EXERCISE → Needed from the data below: every line from the one with "OGIO Tribune Pack" up to and including the one with "f6bd7d529e3efe Veste tailleur", repeated exactly and with nothing else.

LISTED RECORDS →
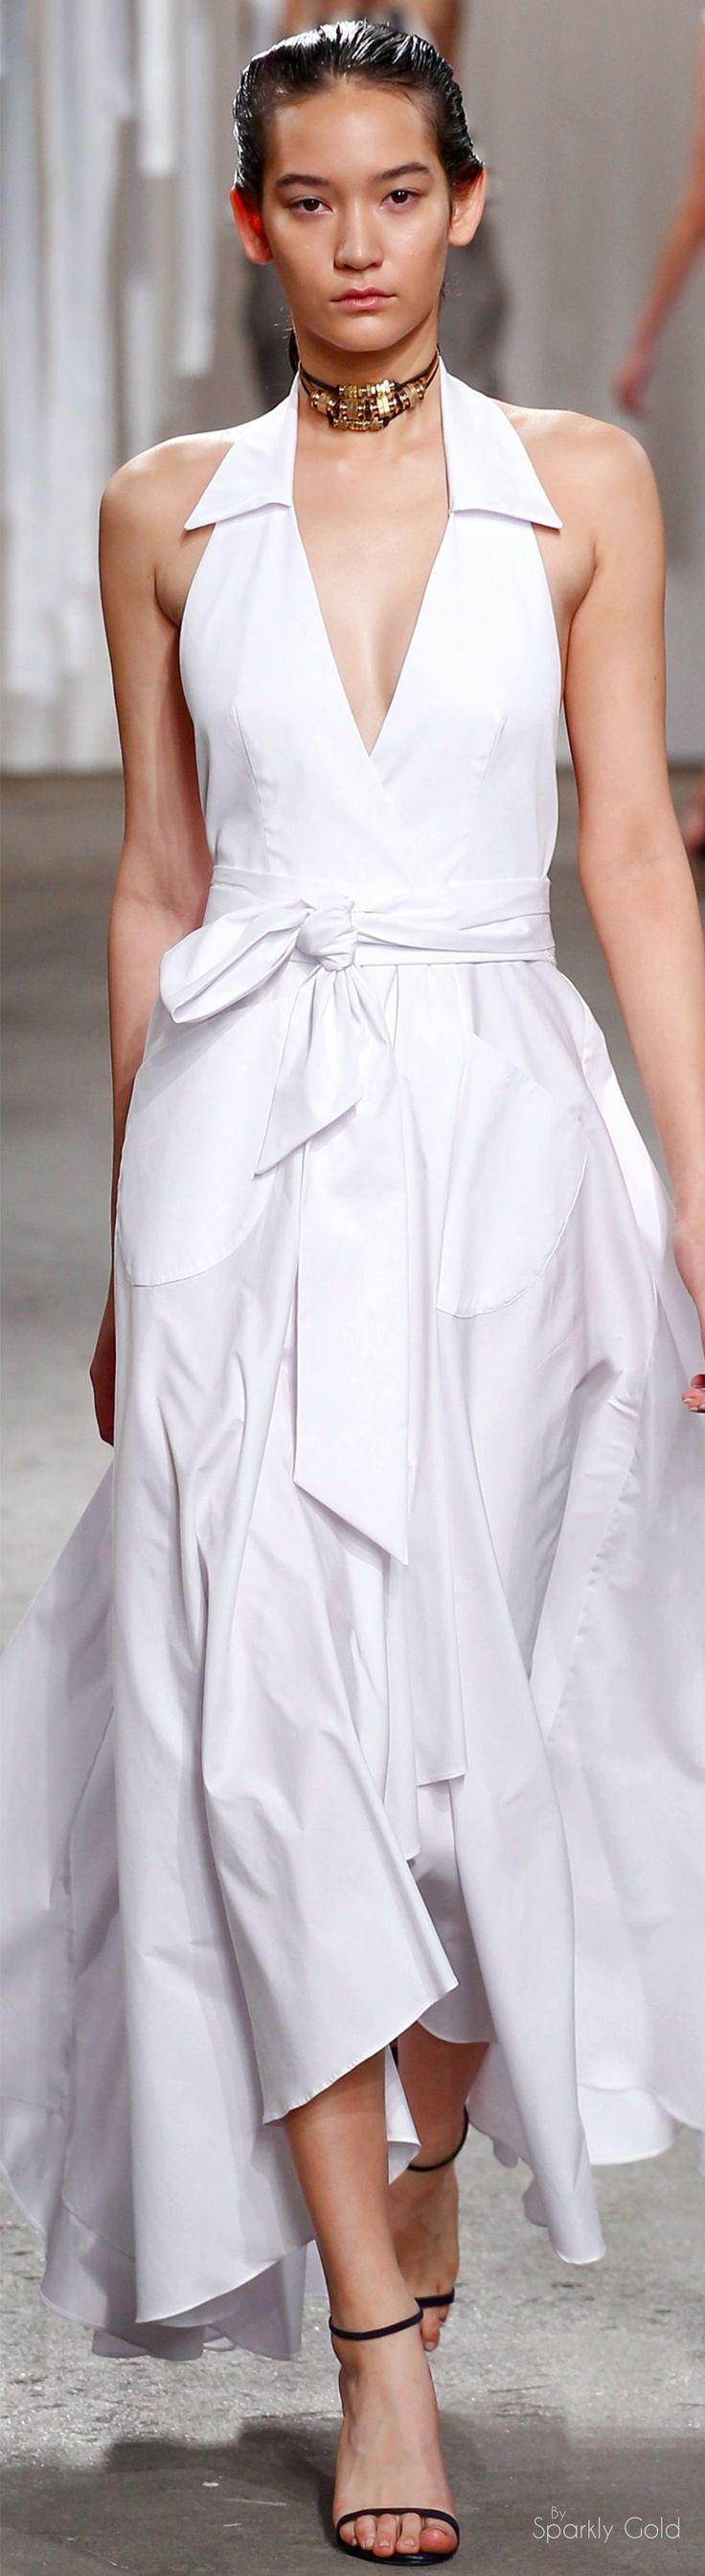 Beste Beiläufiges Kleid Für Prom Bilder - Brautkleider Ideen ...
...
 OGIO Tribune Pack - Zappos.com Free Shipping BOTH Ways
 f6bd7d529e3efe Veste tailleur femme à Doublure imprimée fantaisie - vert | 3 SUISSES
* * *
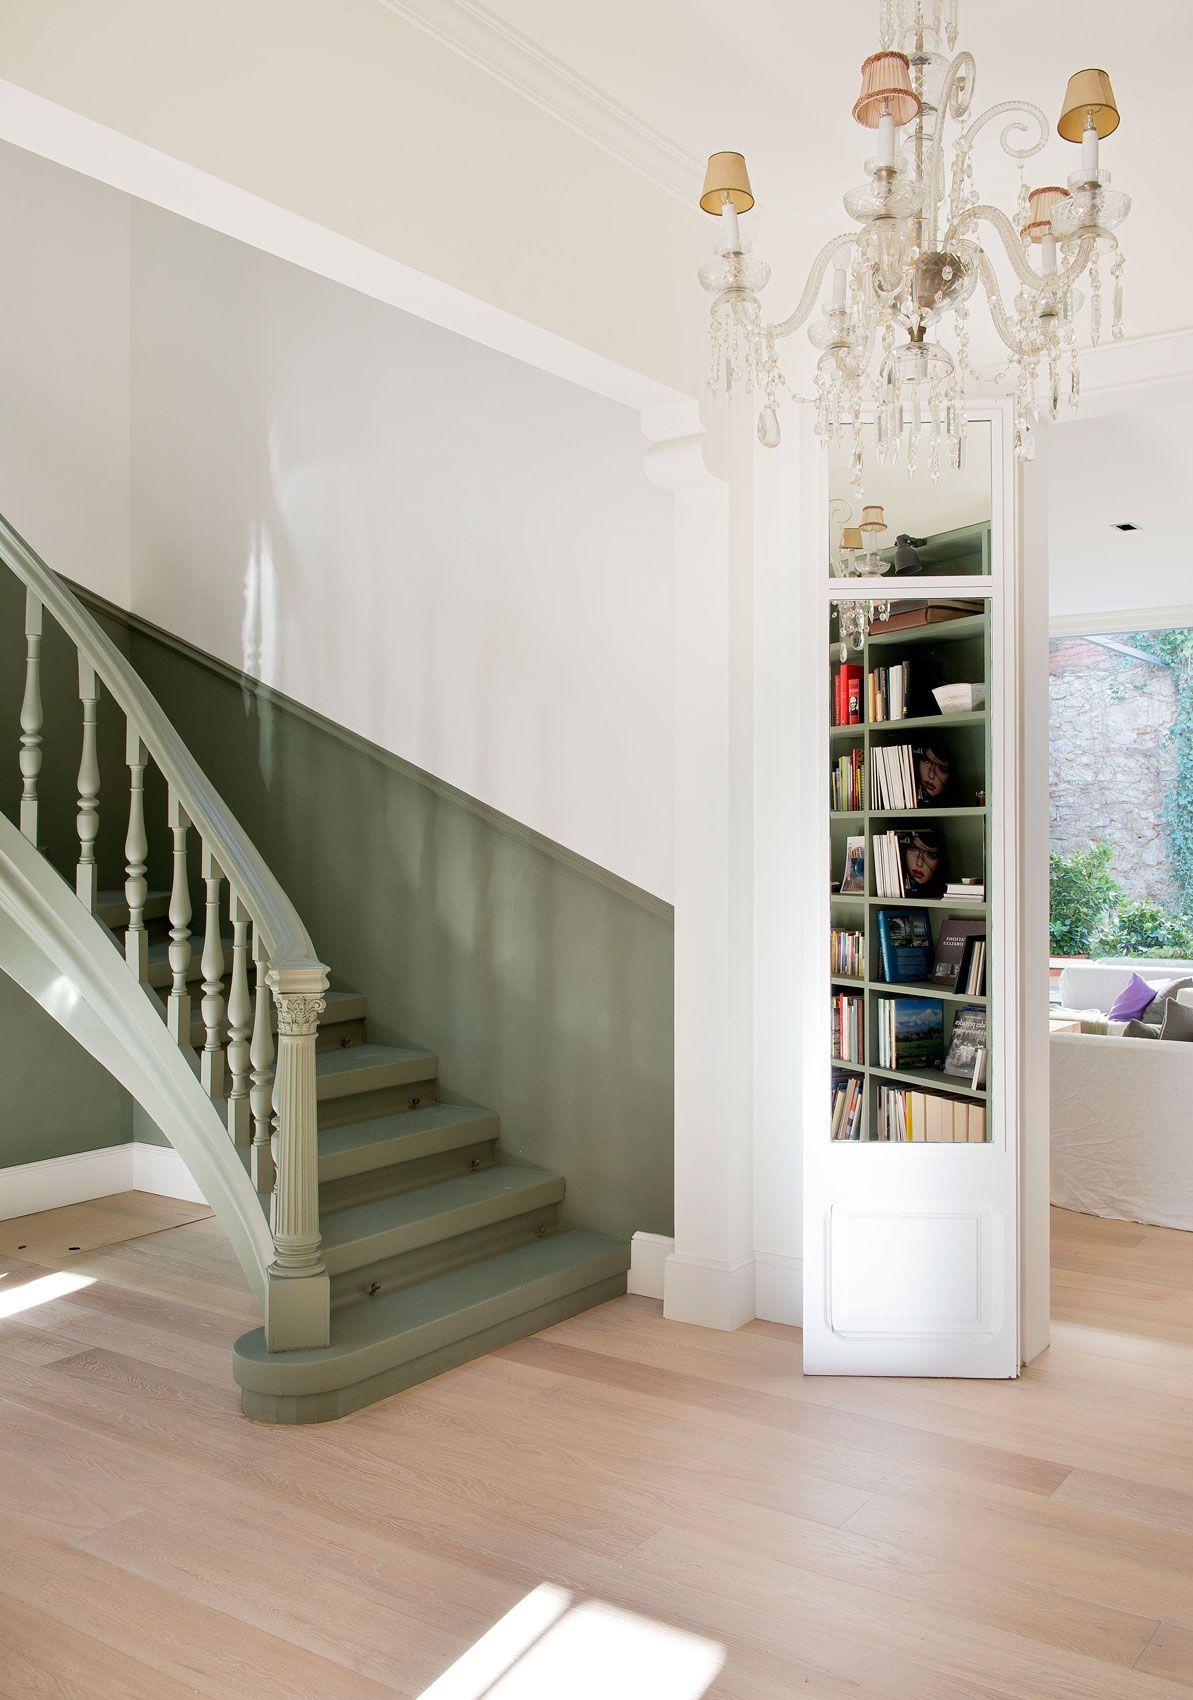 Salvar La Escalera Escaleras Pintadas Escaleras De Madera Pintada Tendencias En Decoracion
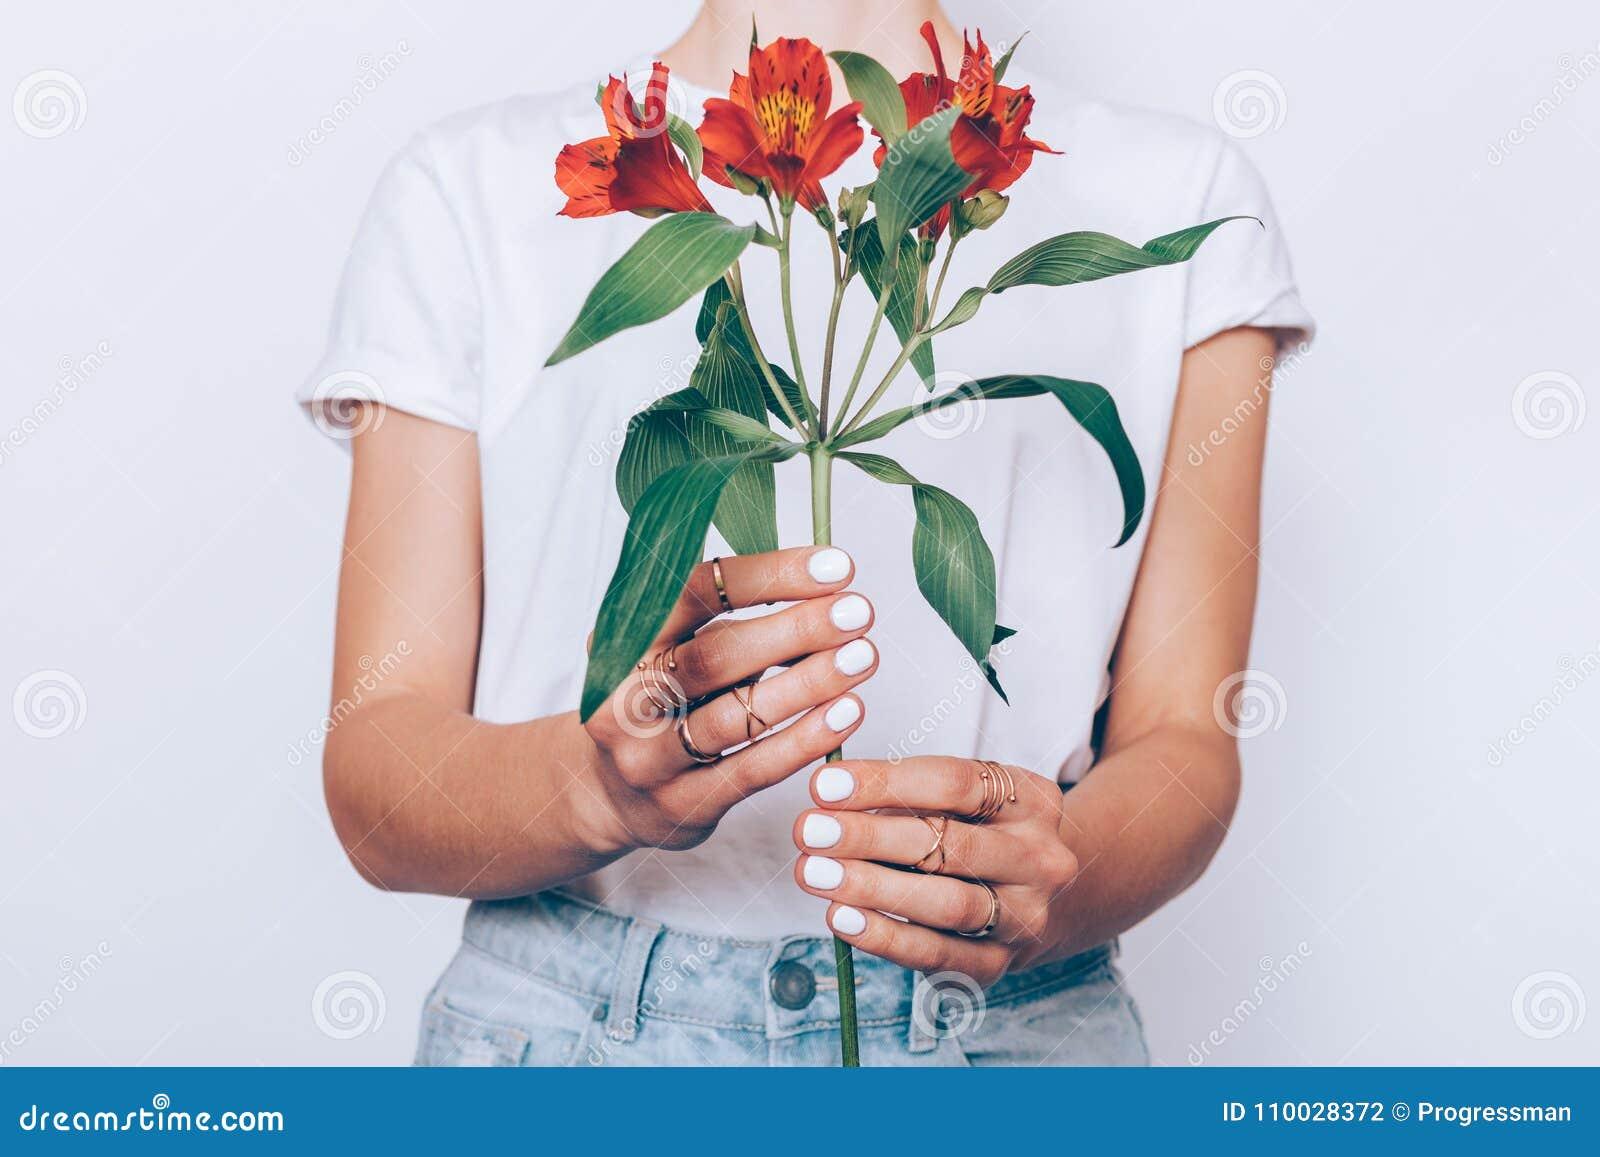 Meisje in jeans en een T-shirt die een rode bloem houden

TASK SOLUTION →
 OGIO Tribune Pack - Zappos.com Free Shipping BOTH Ways
 f6bd7d529e3efe Veste tailleur femme à Doublure imprimée fantaisie - vert | 3 SUISSES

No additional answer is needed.